DATASET RECORDS:
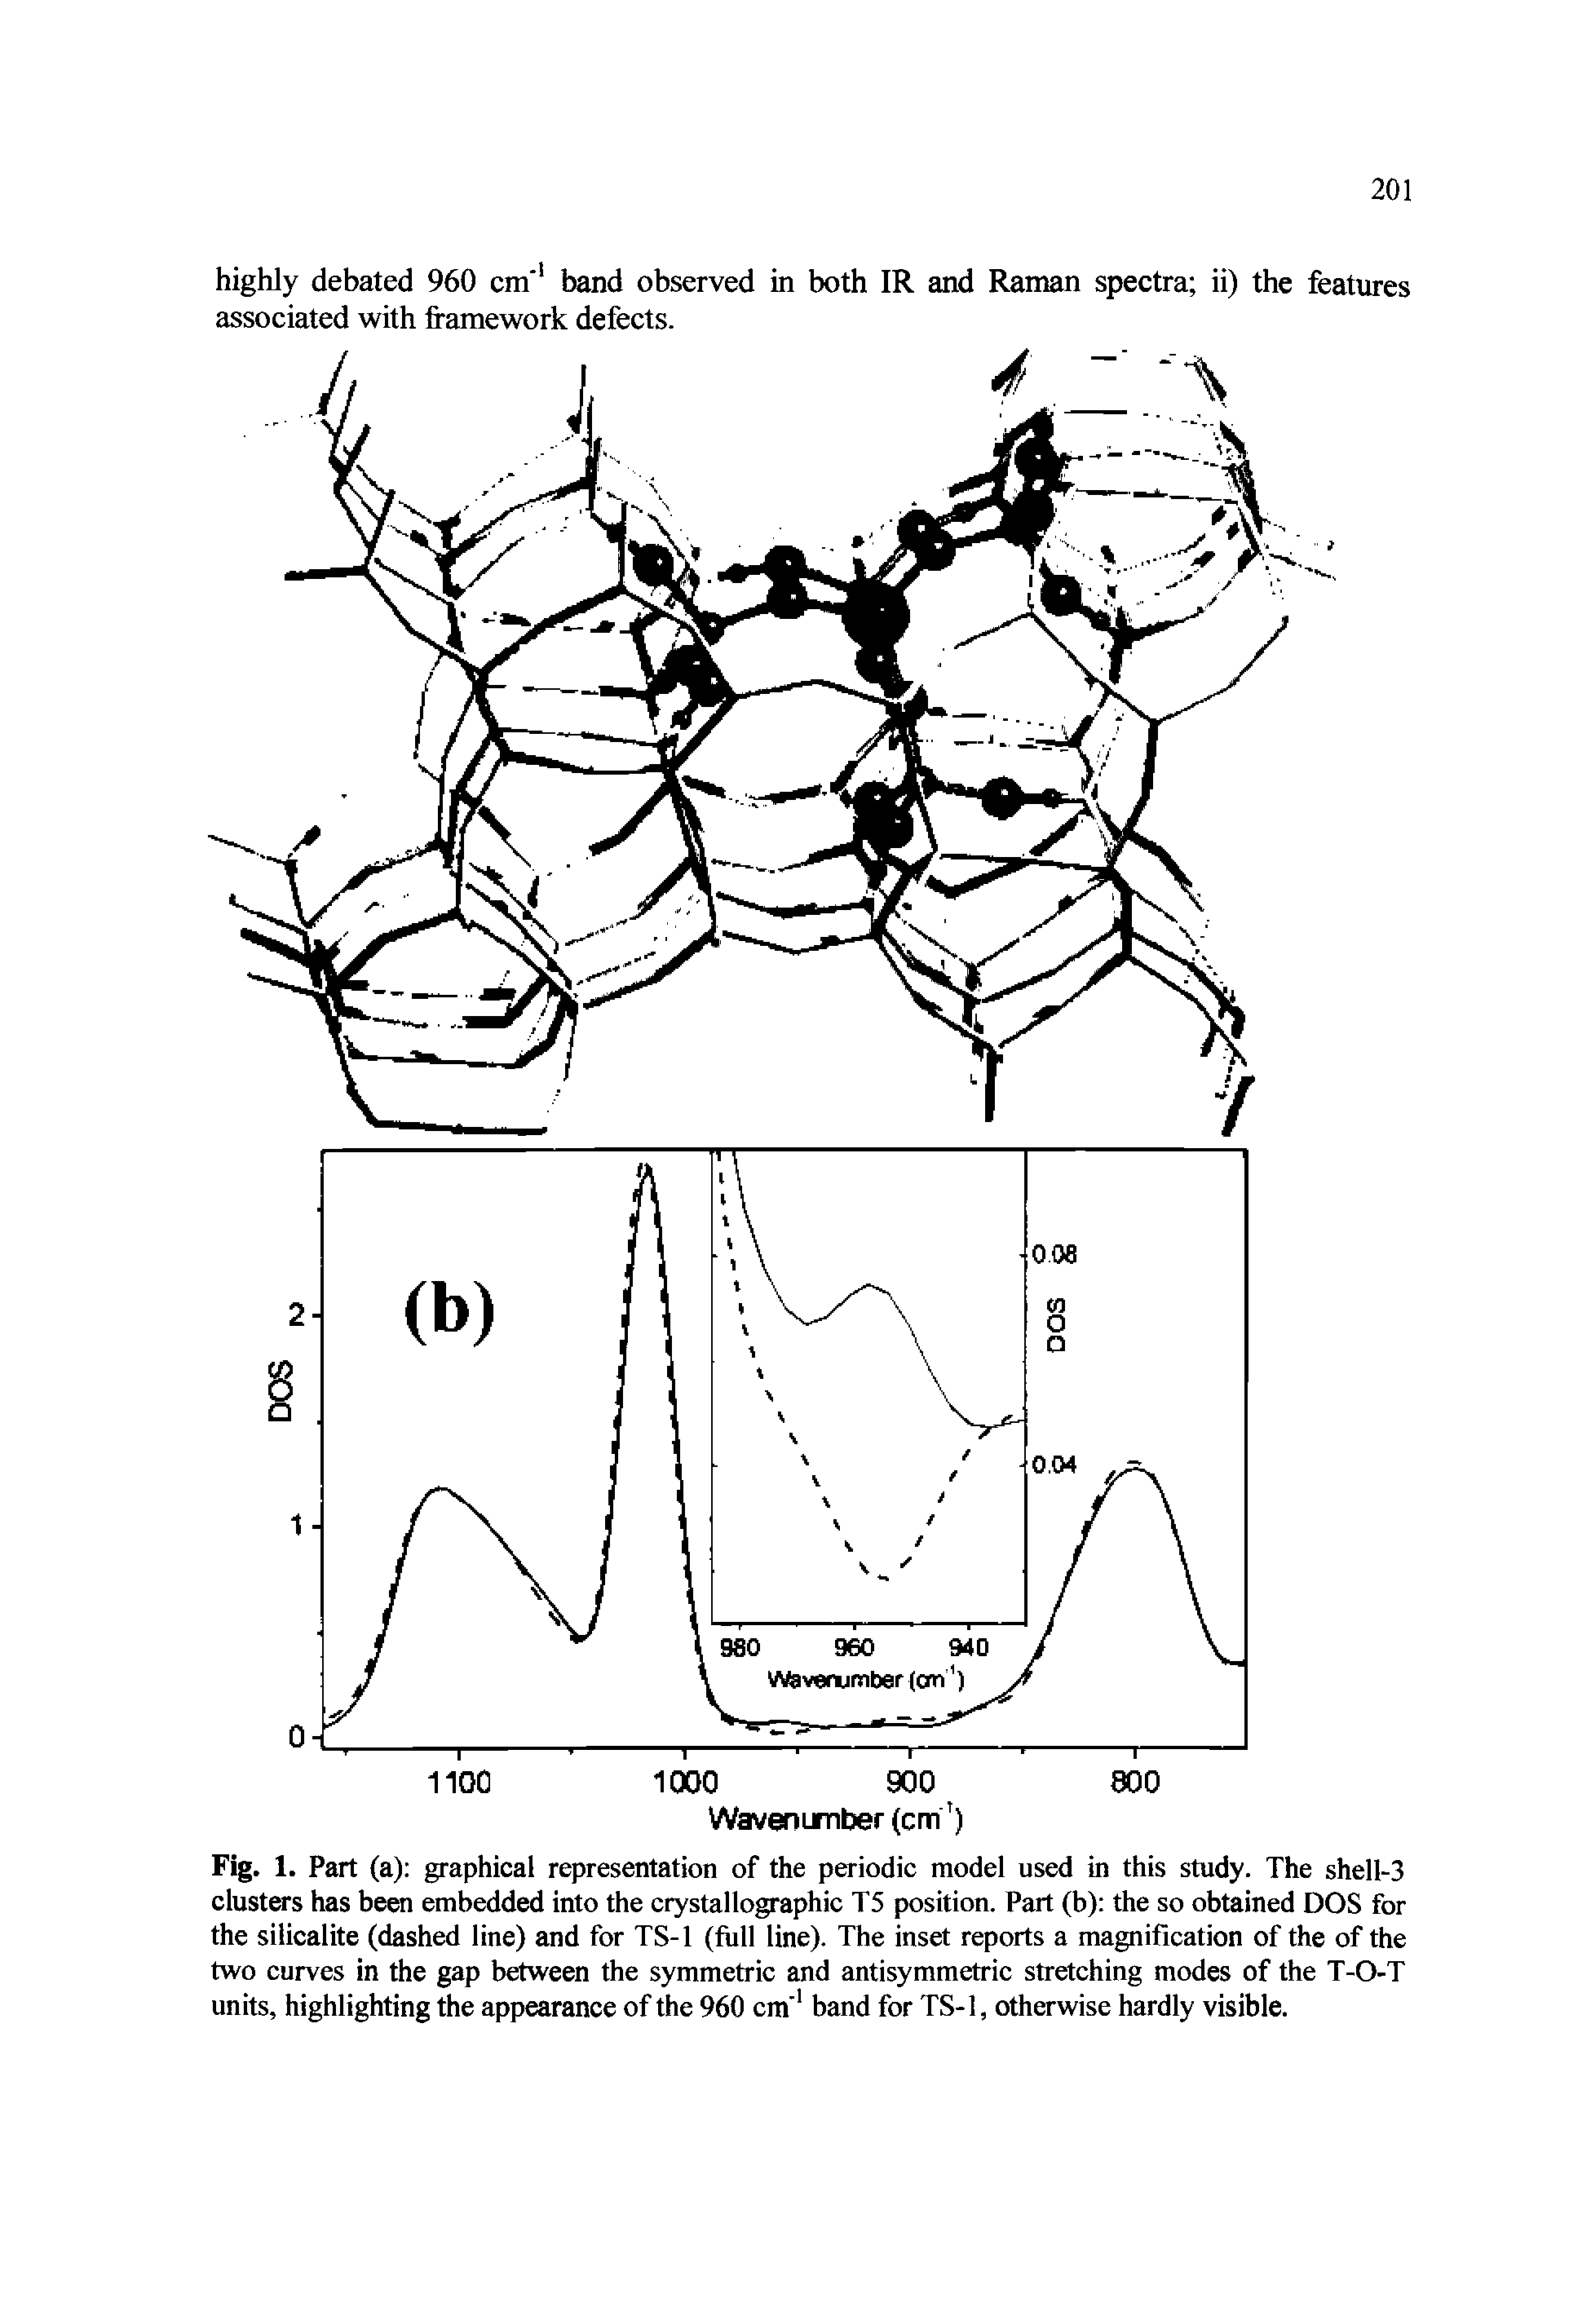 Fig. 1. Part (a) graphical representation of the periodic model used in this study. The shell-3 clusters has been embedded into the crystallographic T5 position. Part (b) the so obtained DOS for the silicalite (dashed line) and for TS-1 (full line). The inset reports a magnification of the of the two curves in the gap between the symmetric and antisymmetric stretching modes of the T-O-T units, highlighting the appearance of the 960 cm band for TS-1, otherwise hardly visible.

---

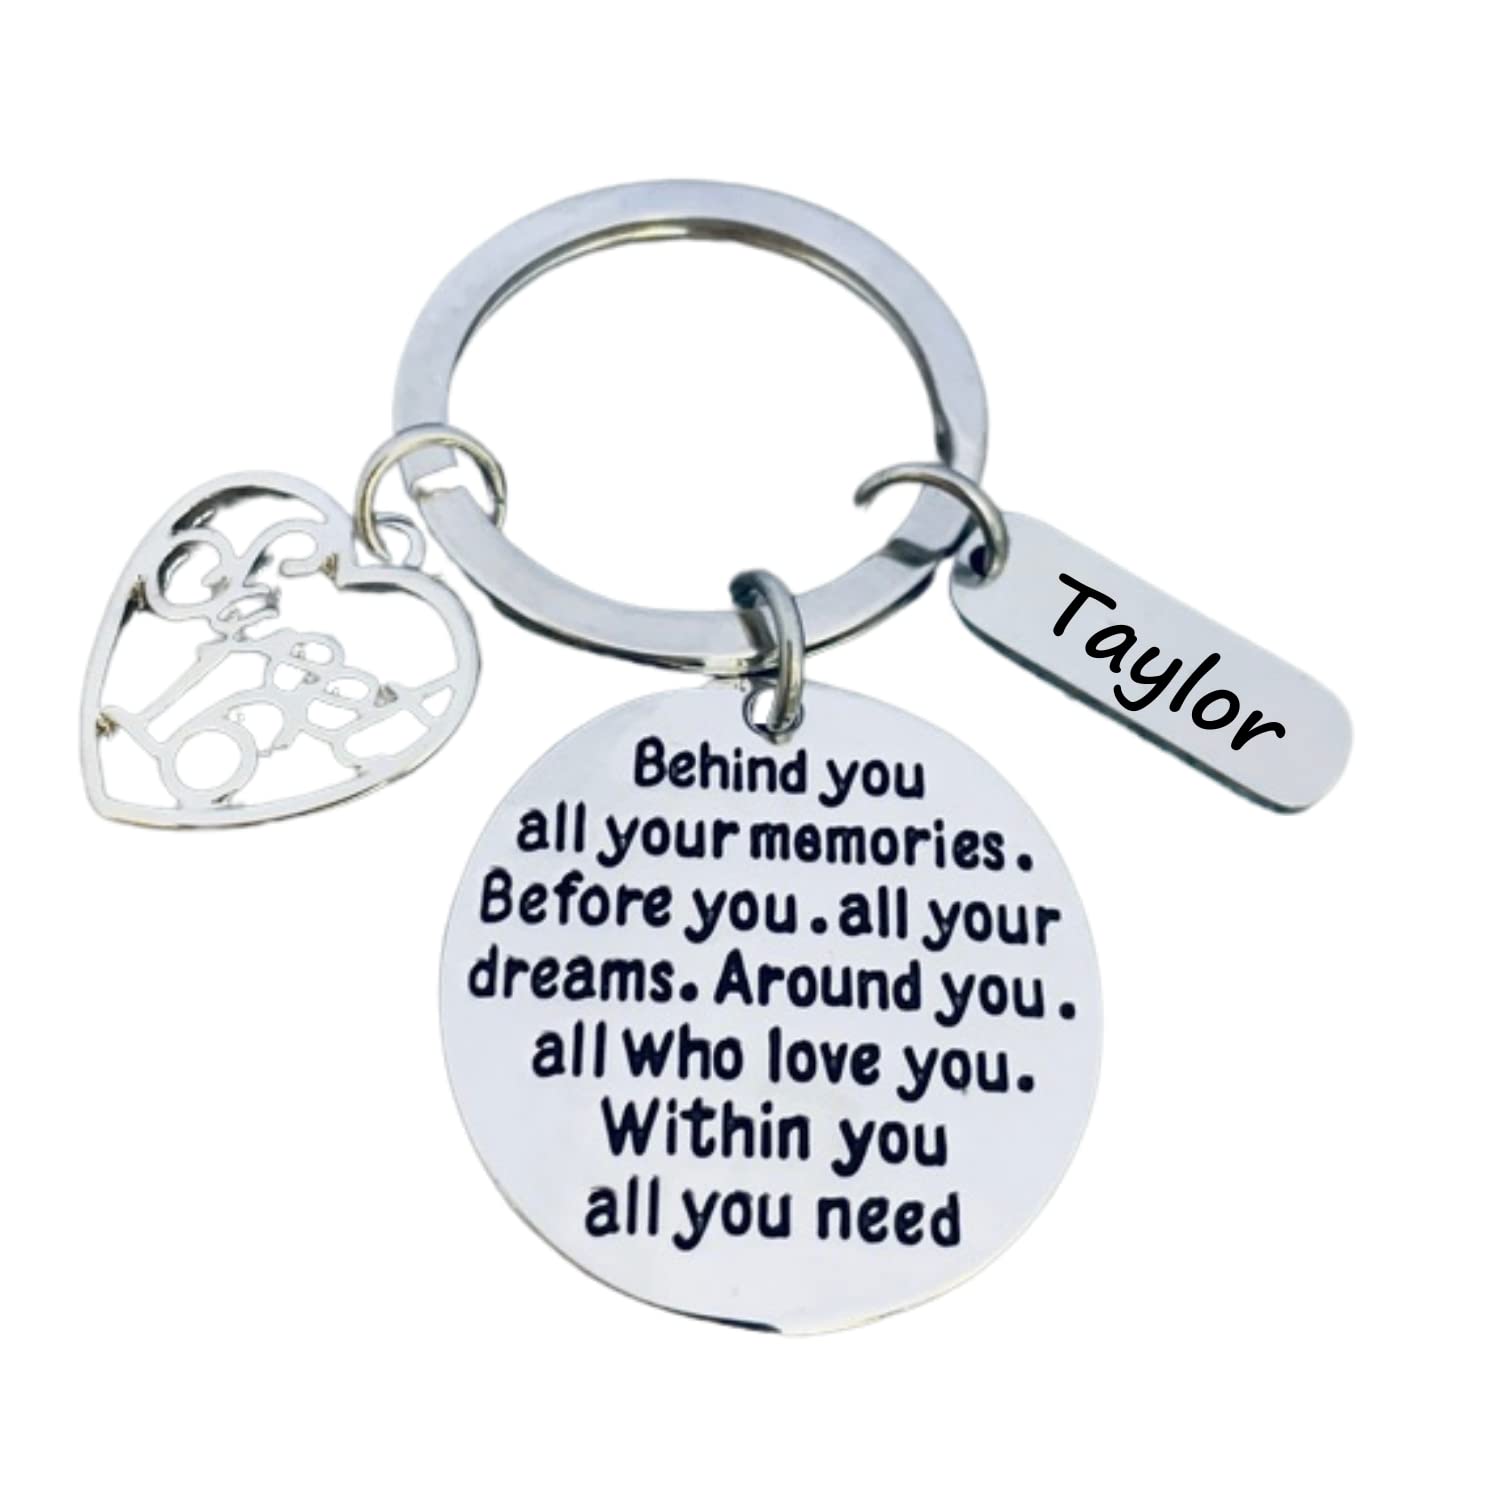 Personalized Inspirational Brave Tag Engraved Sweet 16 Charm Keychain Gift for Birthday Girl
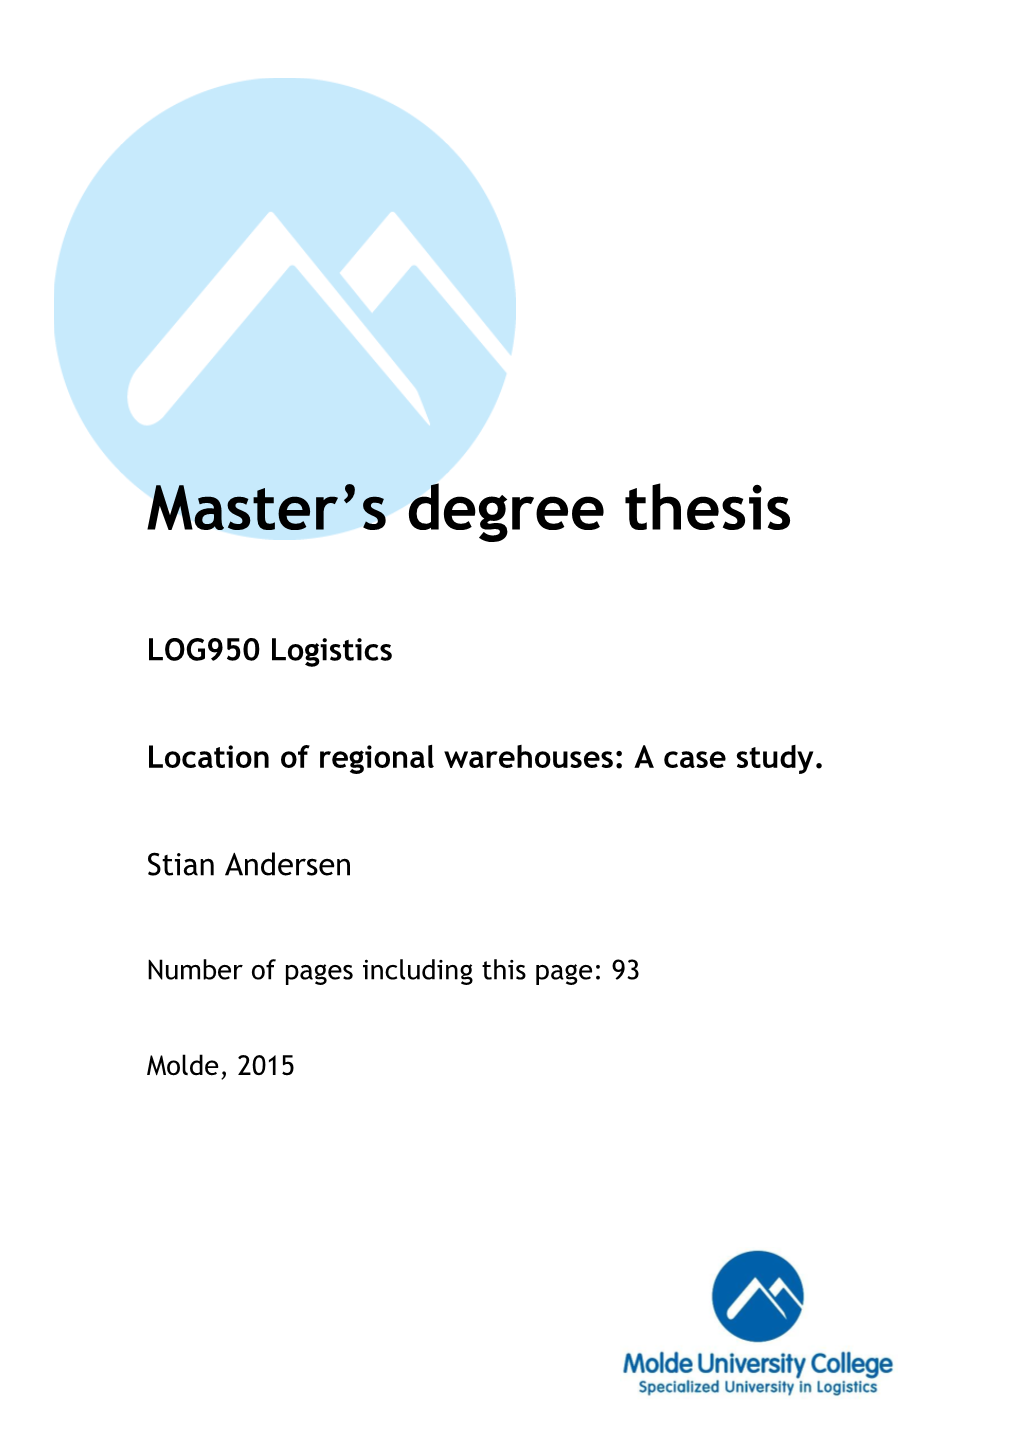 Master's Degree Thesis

INSTRUCTIONS FOR THE TASK:
Set the pictures aside and transcribe exactly the stretch of lines above, beginning with the one holding "Personalized Inspirational Brave" and ending with the one holding "Master's Degree Thesis".

PROBLEM SOLUTION:
 Personalized Inspirational Brave Tag Engraved Sweet 16 Charm Keychain Gift for Birthday Girl
 Master's Degree Thesis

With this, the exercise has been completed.